Избранные «ишханац ишханы» больших пограничных областей, первые среди равных, по обычаям былой Великой Армянской империи, ездили «утверждаться» в качестве бдешхов к тагавору, шахиншаху всех Армений. Бдешхи владели провинциями с преобладанием племен не армянского происхождения и являлись полновластными царями союзных или вассальных тагавору Великой Армении территорий. А бдешхи провинции Гугарк, в которую входил Вирк, к тому же, издревле были местоблюстителями тагавора, обладающие исключительным правом короновать владыку Великой Армении. Только завладев царством Картли в Гугарке, Багратуни смогли поставить своего танутера – главу клана шахиншахом Армении и юридически закрепить за своей династией этот титул.
Поэтому и в этот раз, после утверждения наместником в Константинополе, магистр Афанасий должен был отправиться в крепость Карс. Нахарар или иначе бдешх Вирка отдавал дань уважения танутеру, главе рода Багратуни, в его резиденции. Там шаханшах Ашот III Милостивый5 должен был официально закрепить за ним титул армянского бдешха.

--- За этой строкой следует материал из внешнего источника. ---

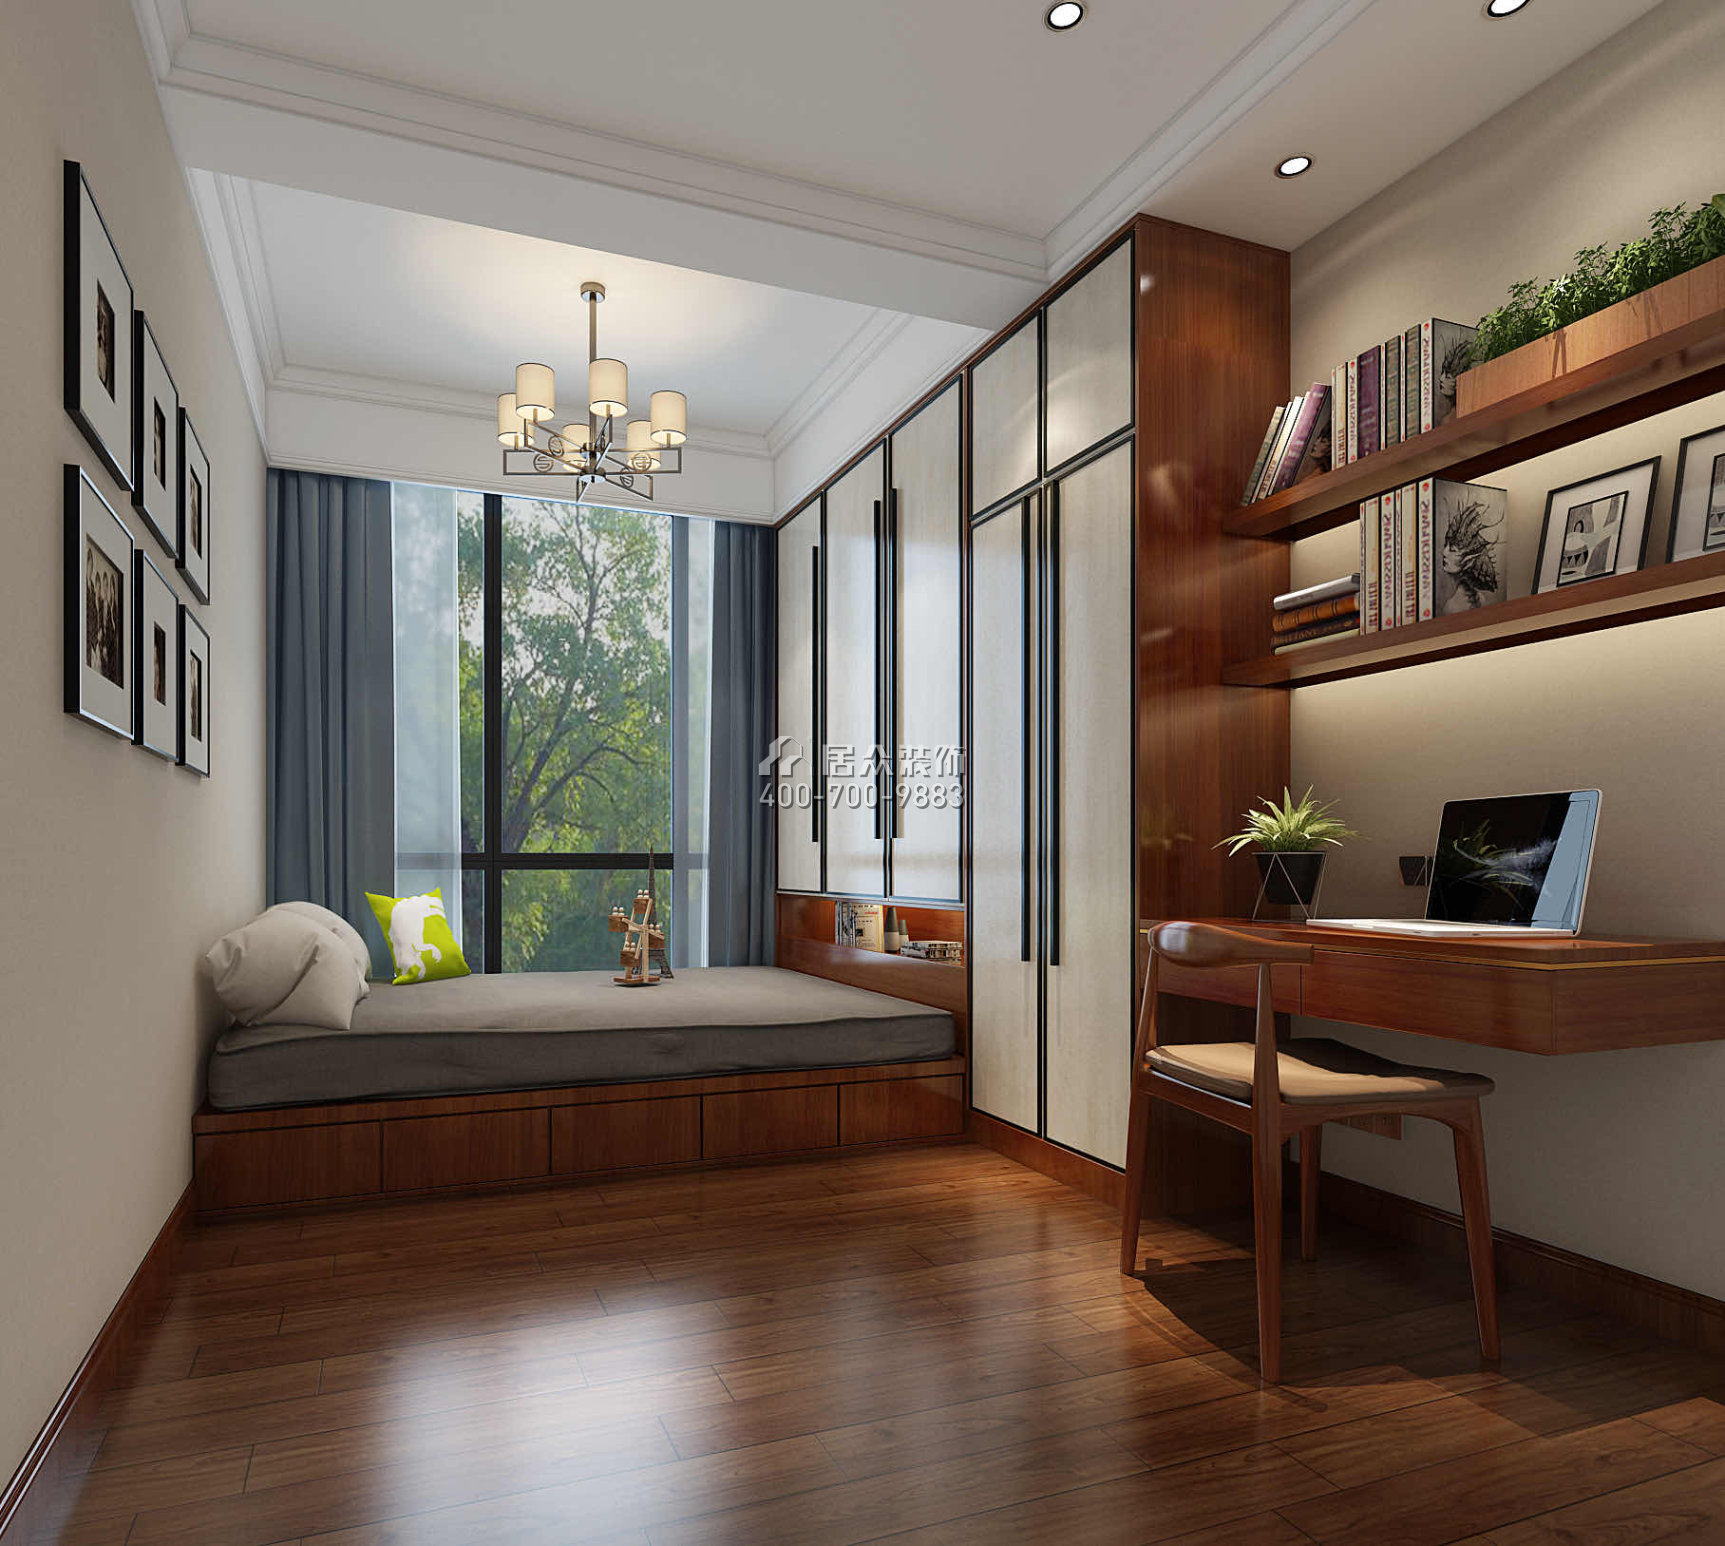 嘉華星際灣180平方米中式風格平層戶型臥室書房一體裝修效果圖
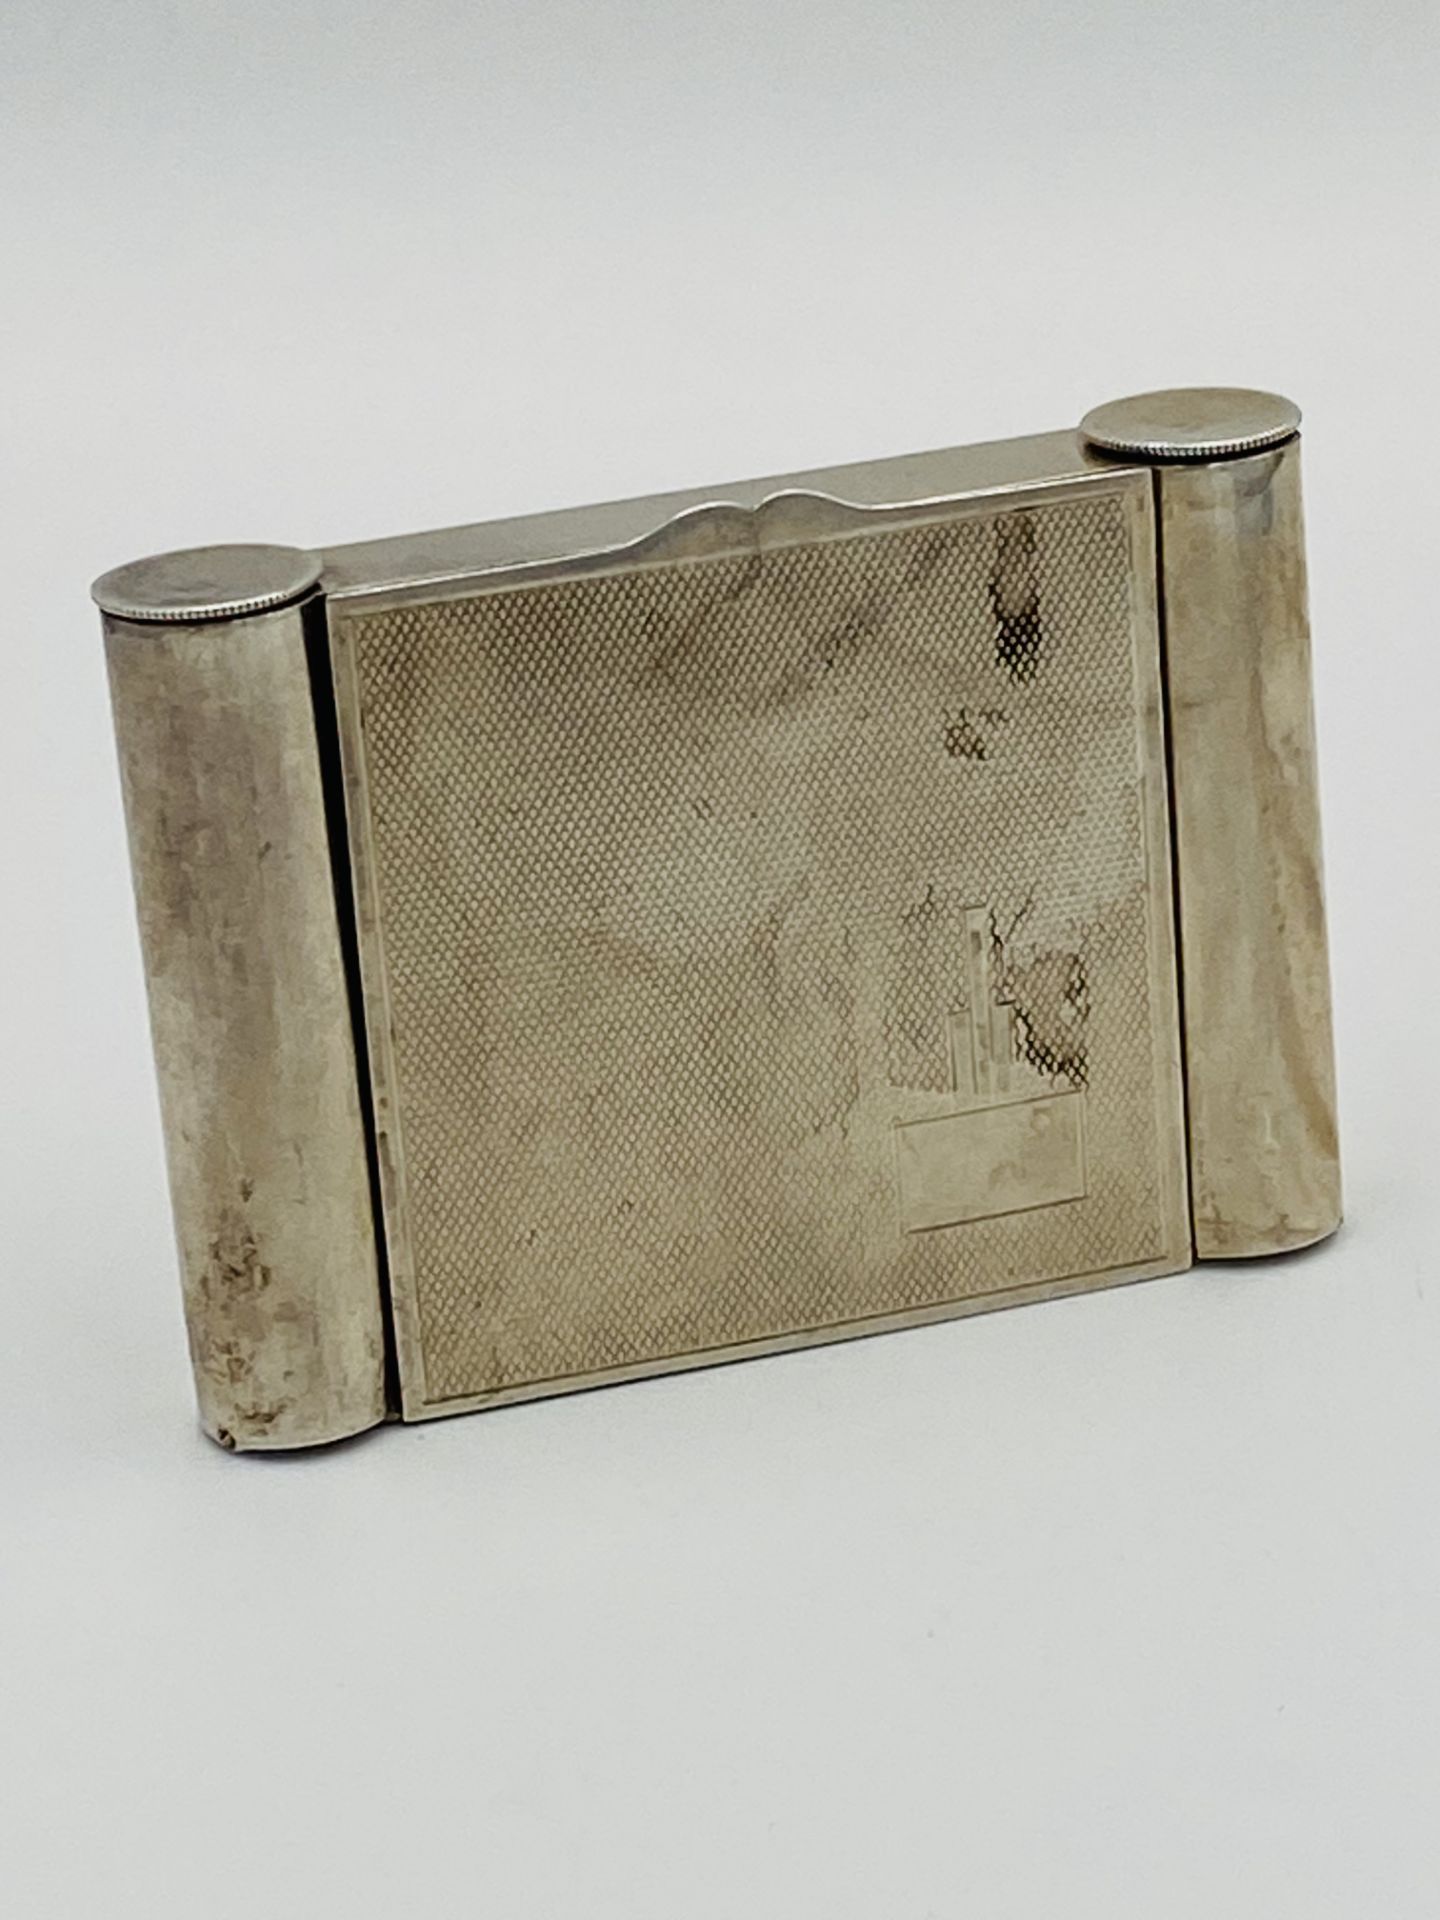 Silver case by Deakin & Francis, Birmingham 1934 - Image 3 of 5

Перед отъездом своего друга магистра Аданарсе, Цимисхий устроил пир-клиторий в своем особняке, куда пригласил множество служилой знати. Внезапно на пиру, среди веселившихся и изрядно подвыпивших гостей, появился магистр Никифор Фока. Гости притихли, отдавая дань уважения скорбящему отцу. Цимисхий пошатываясь, вскочил с места и рванулся ему навстречу. Никифор поднял руку открытой ладонью к собравшимся гостям, в приветственном жесте.
– Не обращайте на меня внимания, друзья, – сказал Никифор. – Иди, иди. Без обид. Развлекай гостей, – добавил он, обнявшись по-мужски с Ваном, и подтолкнул его в сторону пирующих.
Никифор пригубил вино, произнеся заздравный тост в честь нового магистра. И тотчас отошел в дальний угол. Вскоре хмель взял свое. На Никифора перестали обращать внимание. Тем временем, магистр Фока подозвал жестом магистра Аданарсе и вывел его во внутренний парк поместья. Тут по дорожкам мимо фонтанов прогуливались мужчины и женщины, покинувшие свои раздельные пиршественные залы для того чтобы освежиться. А еще, чтобы себя показать, и немного пококетничать. Тут, среди благоухающих зарослей можно было уединиться для приватной беседы.
– Когда собираешься ехать, магистр? – Спросил у Аданарсе Никифор.
– Да вот завтра и поеду. В порту Константинополя всегда полно перевозчиков. Переправлюсь на Азиатский берег. Там осталась часть воинов из моей охраны. Соберем всех и дальше отправимся на конях. В верховьях реки Чорох разделимся. Младший брат Аданарсе поедет домой в Артвин. А я со свитой отправлюсь в Карс. Если повезет, доберемся дней через 20.
– А если не повезет?
Аданарсе пожал плечами:
– На все воля Божья.
Никифор хлопнул его по плечу.
– Магистр. Почему бы тебе не отправиться морем до Петры6. На галере и быстрее и безопасней. Доберешься за два дня. Оттуда до Артвина рукой подать. И до Карса дорога короче.
– Можно было бы. Но где я найму галеру? Те, что стоят в порту идут либо до Синопа, либо до Трабзона, либо вообще в Херсонес Таврический.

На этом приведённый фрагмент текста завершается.